PROBLEM REQUIREMENTS: Repeat the data exactly as given below, dropping every picture.

RECORDED INFORMATION:
□ □ □
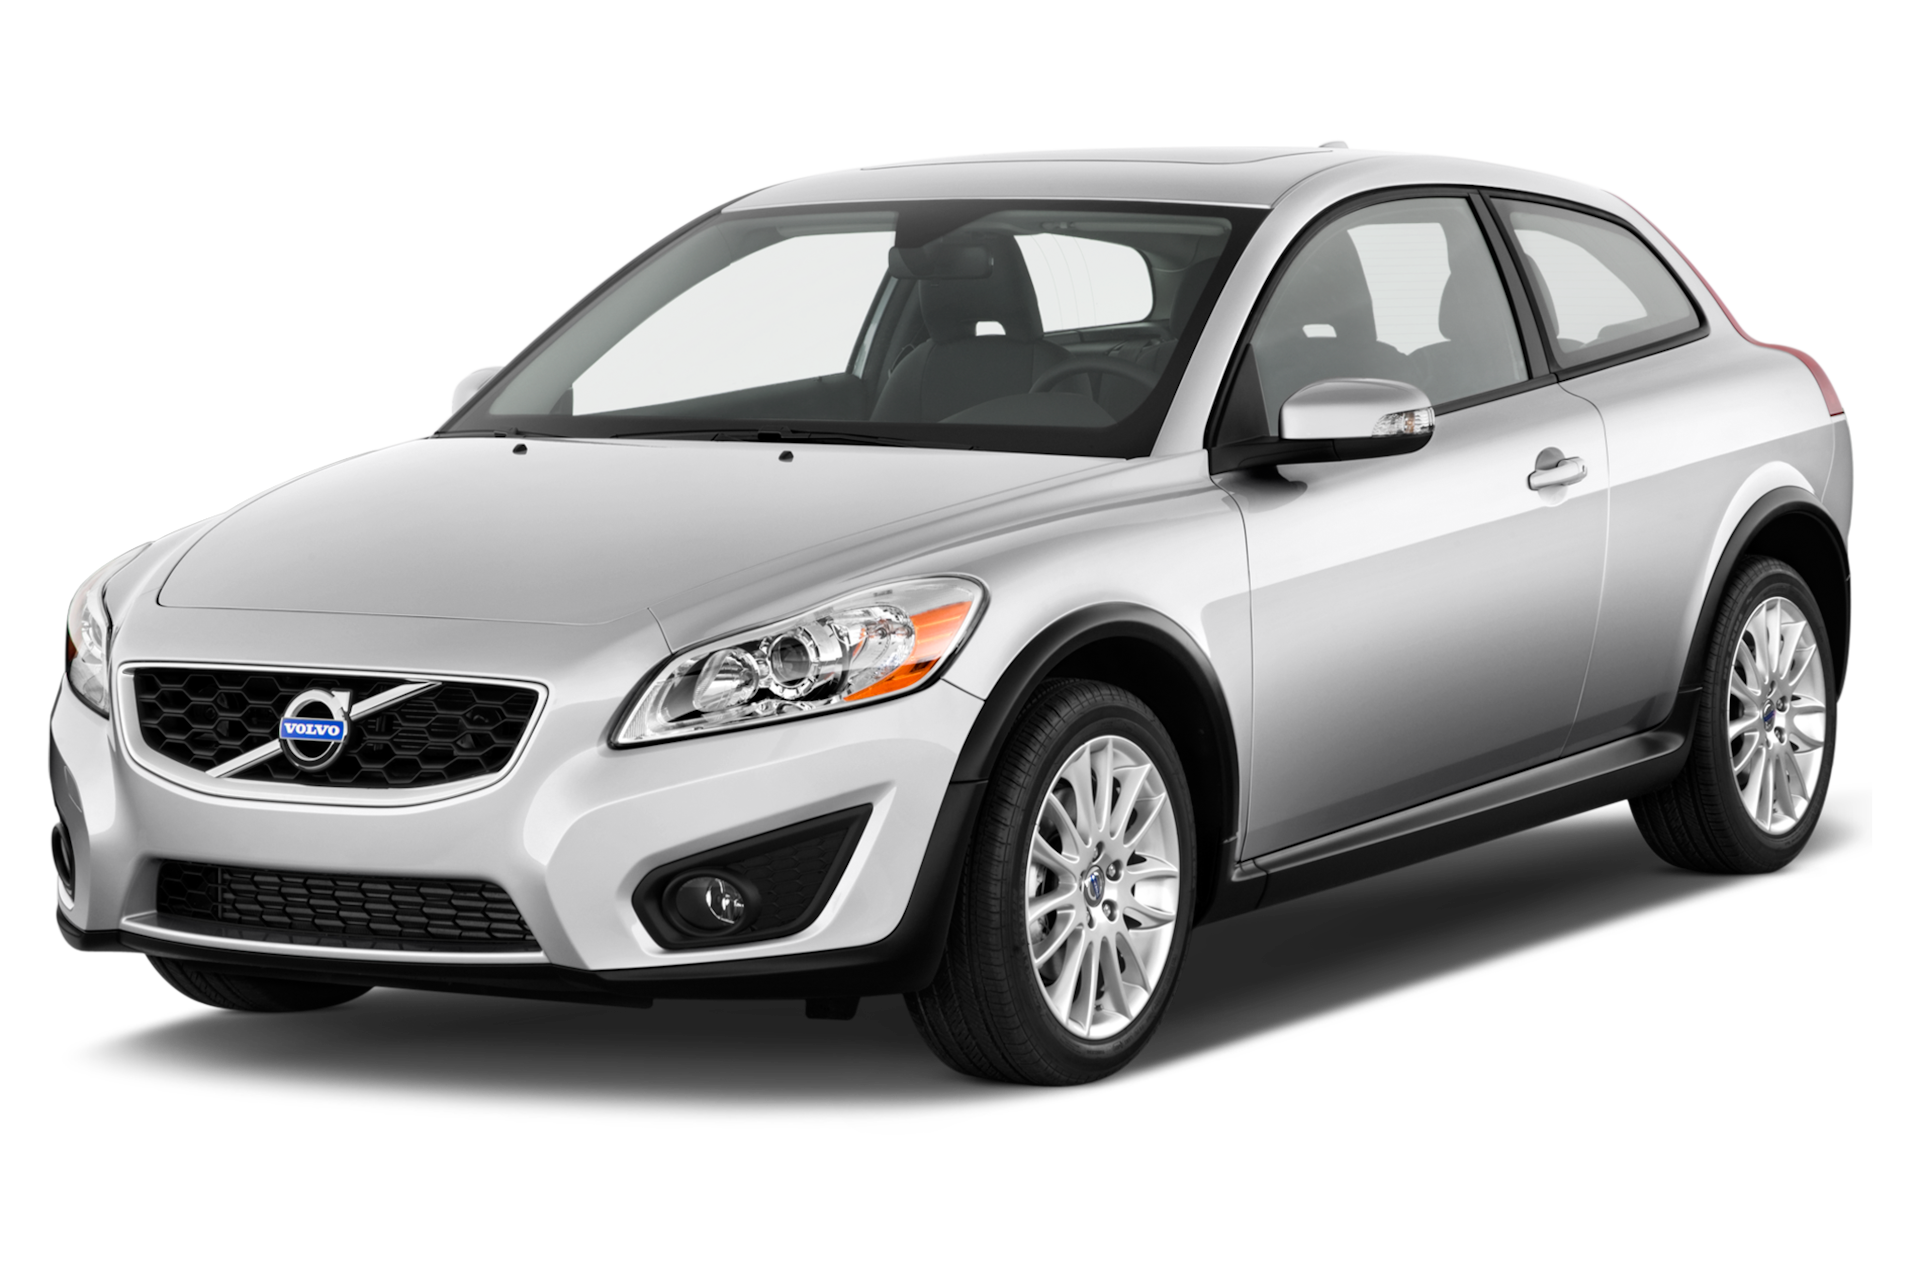 2012 Volvo C30 Prices, Reviews, and Photos - MotorTrend
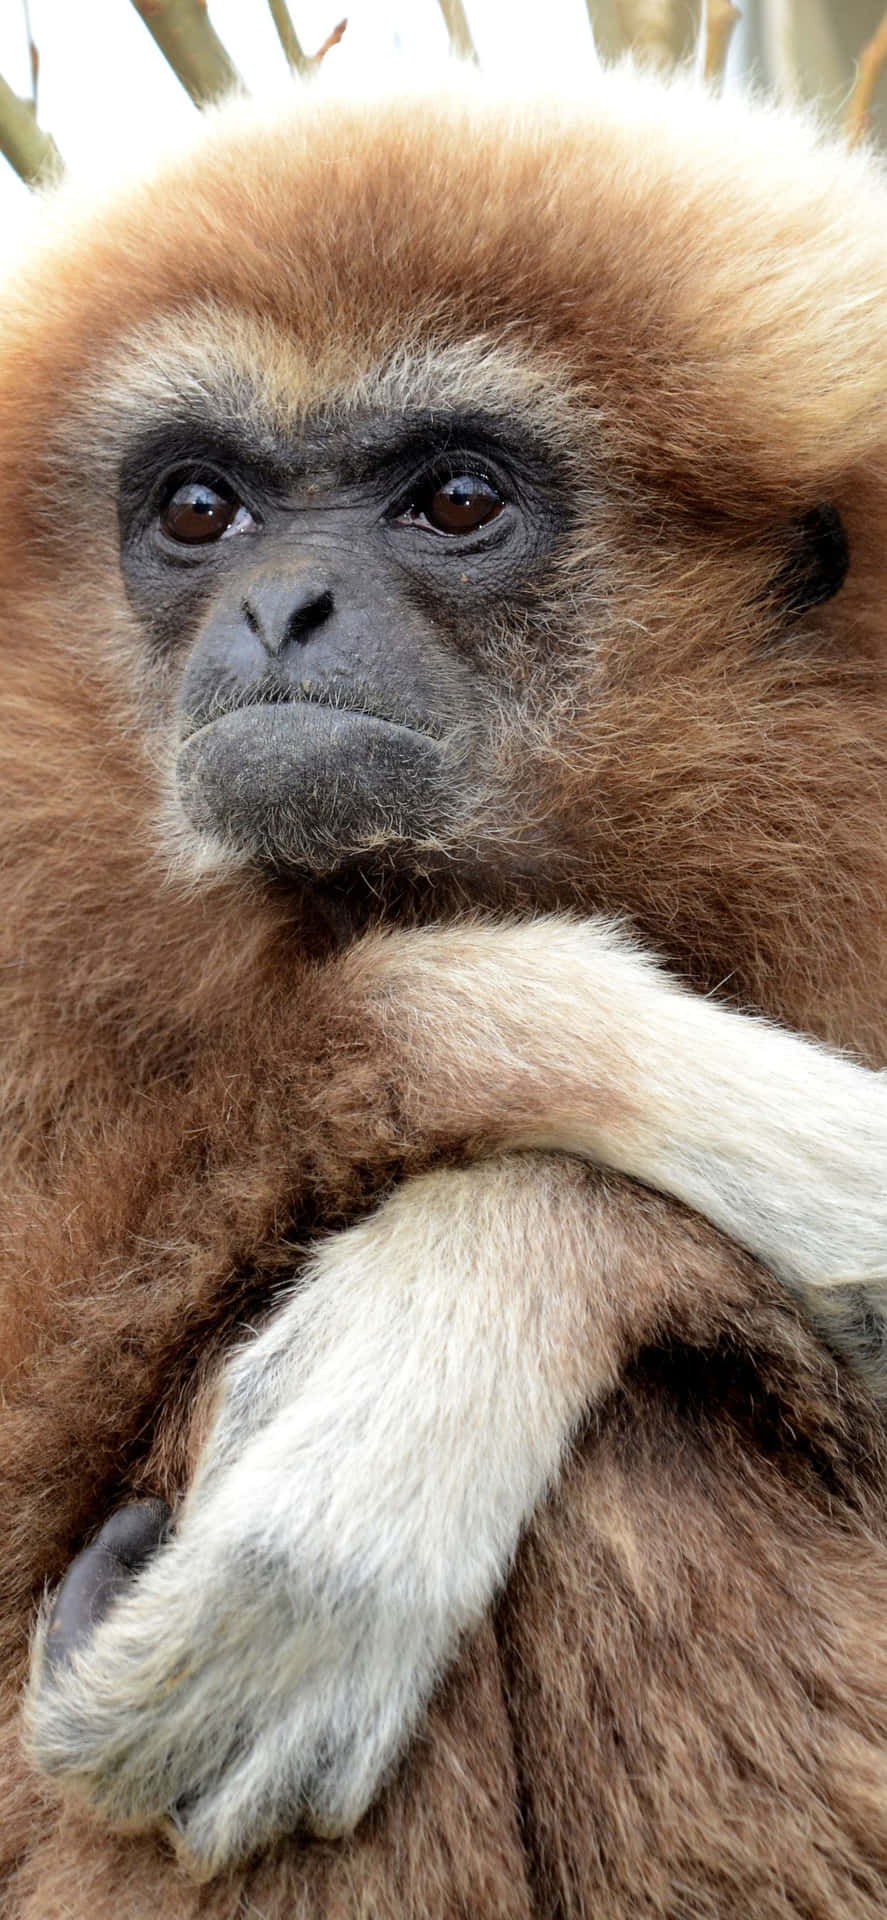 A close-up view of the stunning iPhone XS Max Gibbon
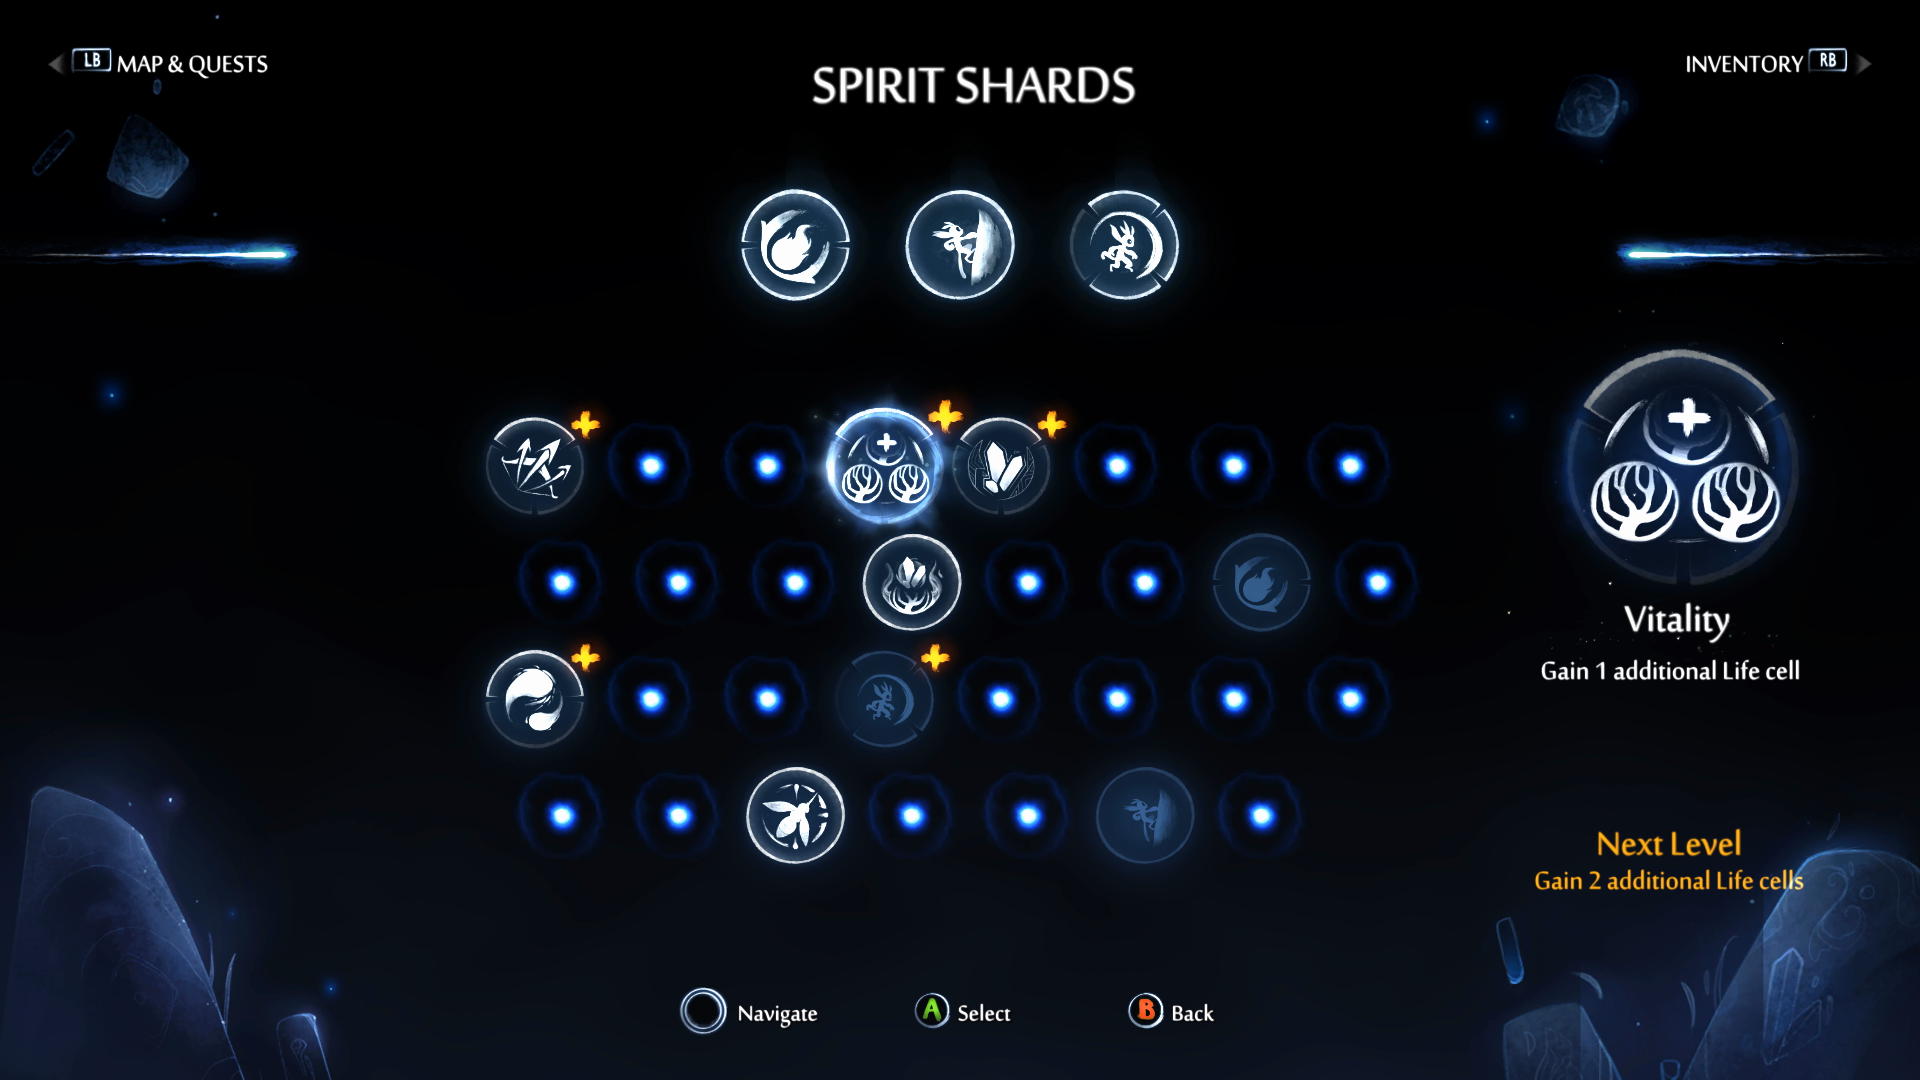 The spirit shards menu in Ori and the Will of the Wisps. There are rows of orbs to indicate a collected shard. There are small blue dots for shards that haven't been found.
□ □ □
RESPONSE:
 2012 Volvo C30 Prices, Reviews, and Photos - MotorTrend
 A close-up view of the stunning iPhone XS Max Gibbon
 The spirit shards menu in Ori and the Will of the Wisps. There are rows of orbs to indicate a collected shard. There are small blue dots for shards that haven't been found.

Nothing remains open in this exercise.